# Flamingo Tailing Reds and Big Trout 05/23



## Michael (Jul 22, 2009)

Nicely done!


----------



## makin moves (Mar 20, 2010)

thats how its done nice work


----------



## dacuban1 (Sep 9, 2008)

Damn bro! hope you left some for me..LOL. Did you hit the same area? Looks like there was no wind, it was blowing pretty steady at my house. Good job bro!


----------



## paint it black (Nov 3, 2007)

> Damn bro! hope you left some for me..LOL. Did you hit the same area? Looks like there was no wind, it was blowing pretty steady at my house. Good job bro!



Yea the same area.
And the wind was BLOWING!
I just always run to that area when it's windy because for some reason, it's always calm waters.


----------



## HaMm3r (Dec 11, 2006)

Dang man, you tore em up!


----------



## TidewateR (Nov 11, 2009)

Dang man, yall slammed them!! Great pics, thanks for sharing.


----------



## hilrod (Jul 23, 2008)

Way to go E. I was chasin bones in SBB on Saturday and it was blowing all weekend.


----------



## paint it black (Nov 3, 2007)

> Way to go E. I was chasin bones in SBB on Saturday and it was blowing all weekend.



Nice!
How'd it go?
I was out there on Friday and got stranded!
Only saw one bone, and I stared into it's eyes and it slowly cruise on by us while I had a snook rig on the rod in my hand.
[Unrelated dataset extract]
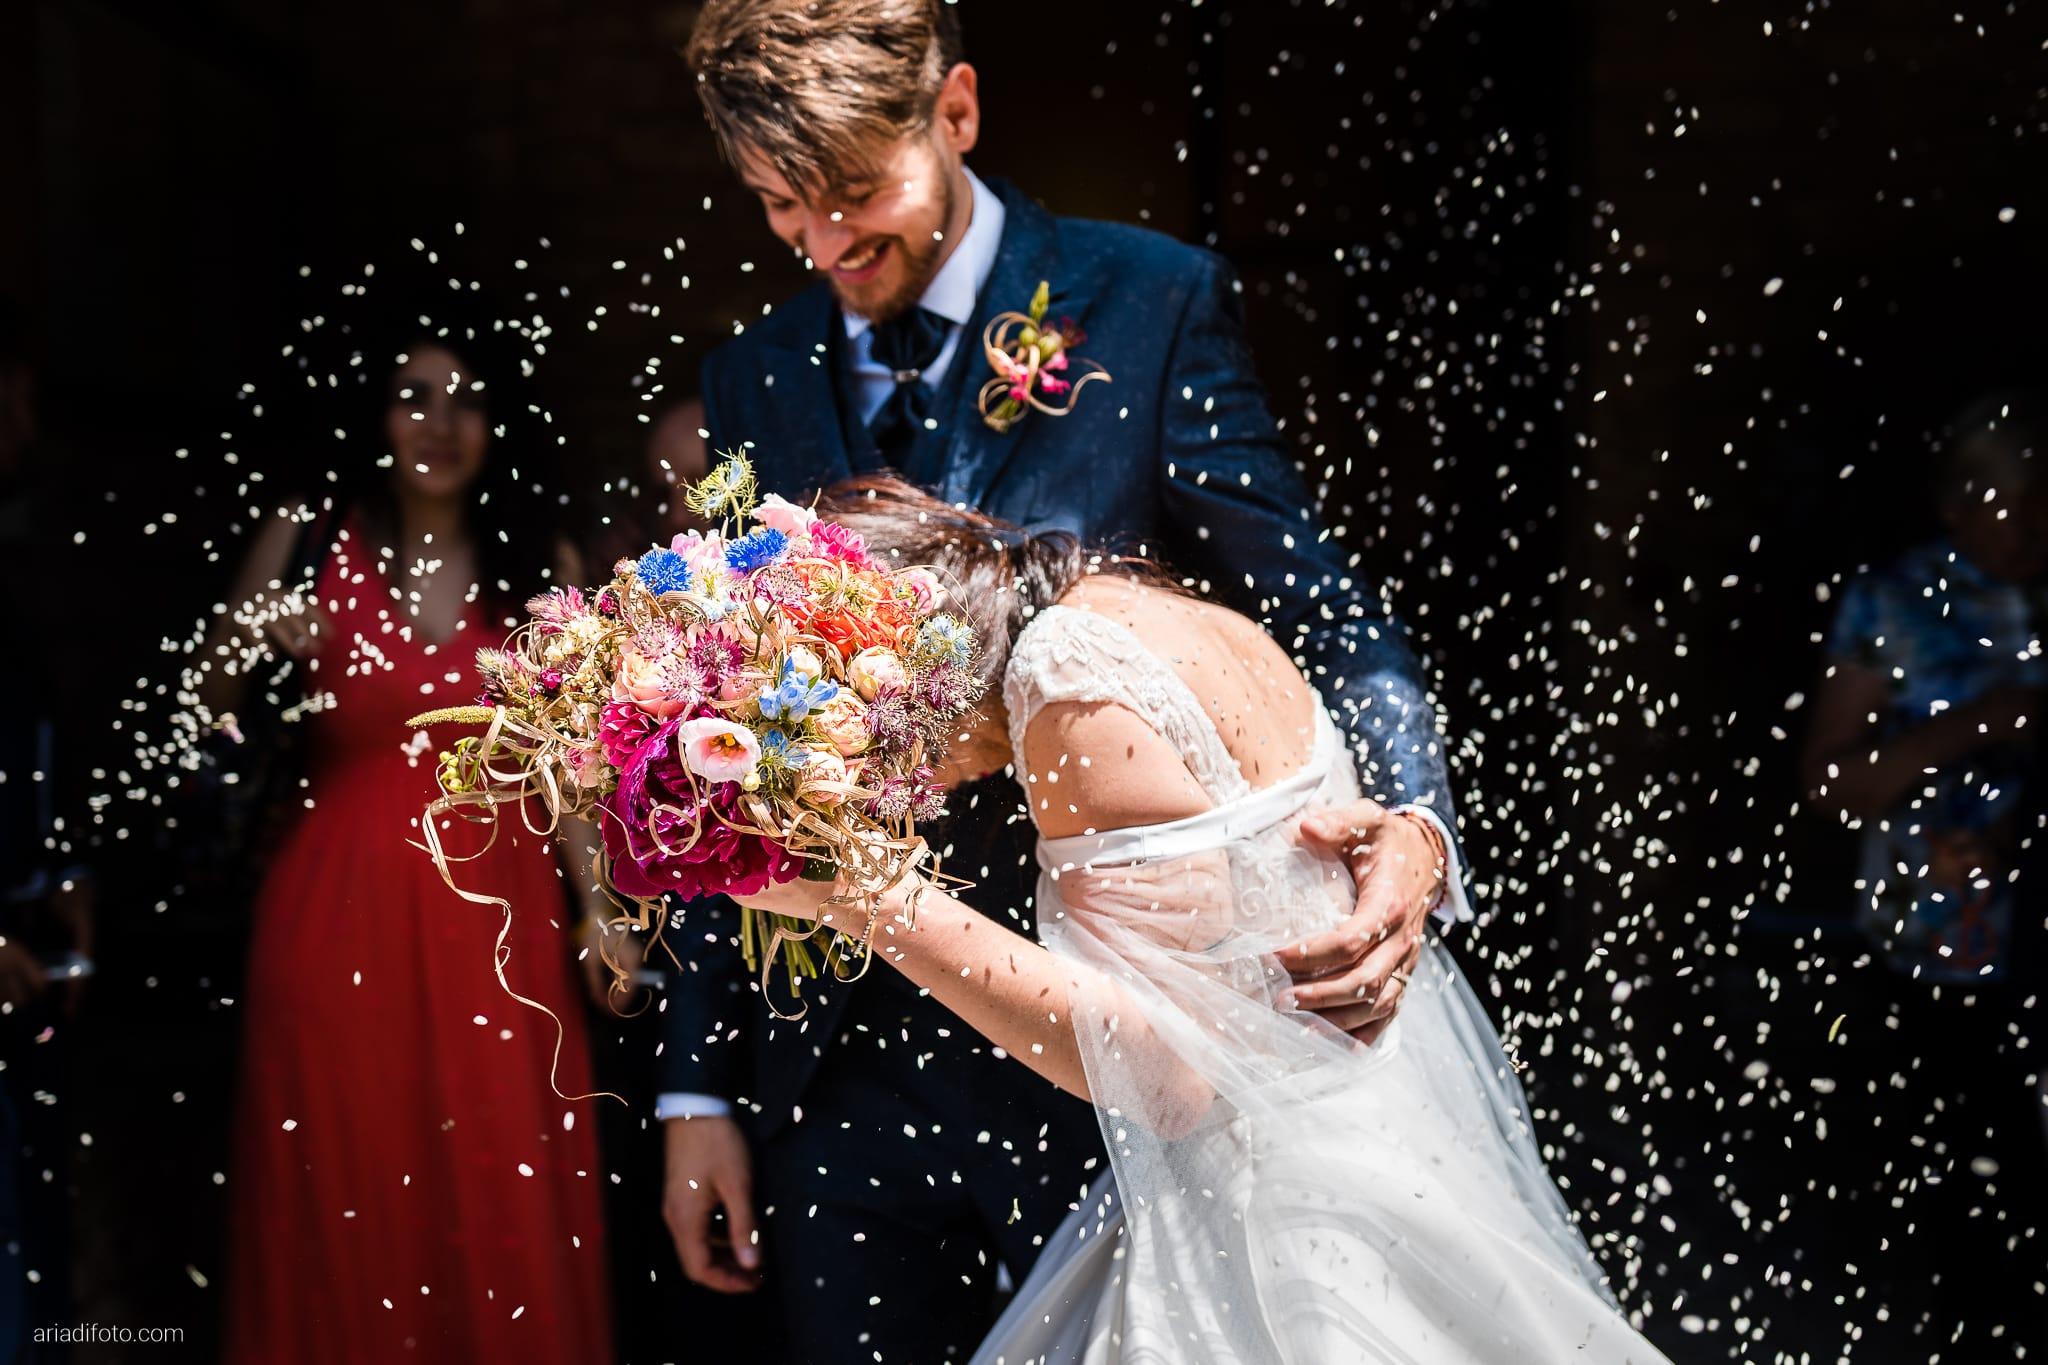 Giorgia Davide Matrimonio Chiesa Santa Maria Assunta Muggia Vecchia Trieste Baronesse Tacco San Floriano Del Collio Gorizia cerimonia lancio del riso

Cause I had hooked a nice 30+ inch snook that made my leader look like crap. lol

I grabbed my other rod and beefed up the leader a little bit.


----------



## Guest (May 25, 2010)

I need to get down there. Looks like fun. Don't know how to post pics but had a good weekend over here in the 239 area also.


----------



## hilrod (Jul 23, 2008)

> > Way to go E. I was chasin bones in SBB on Saturday and it was blowing all weekend.
> 
> 
> 
> ...


We saw one school of four fish and they were not eating, just cruising. The guy I had on the bow made a perfect cast out in front of them and they swam right over the shrimp and did not even look at it. We poled four diferent flats and saw nothing else.


----------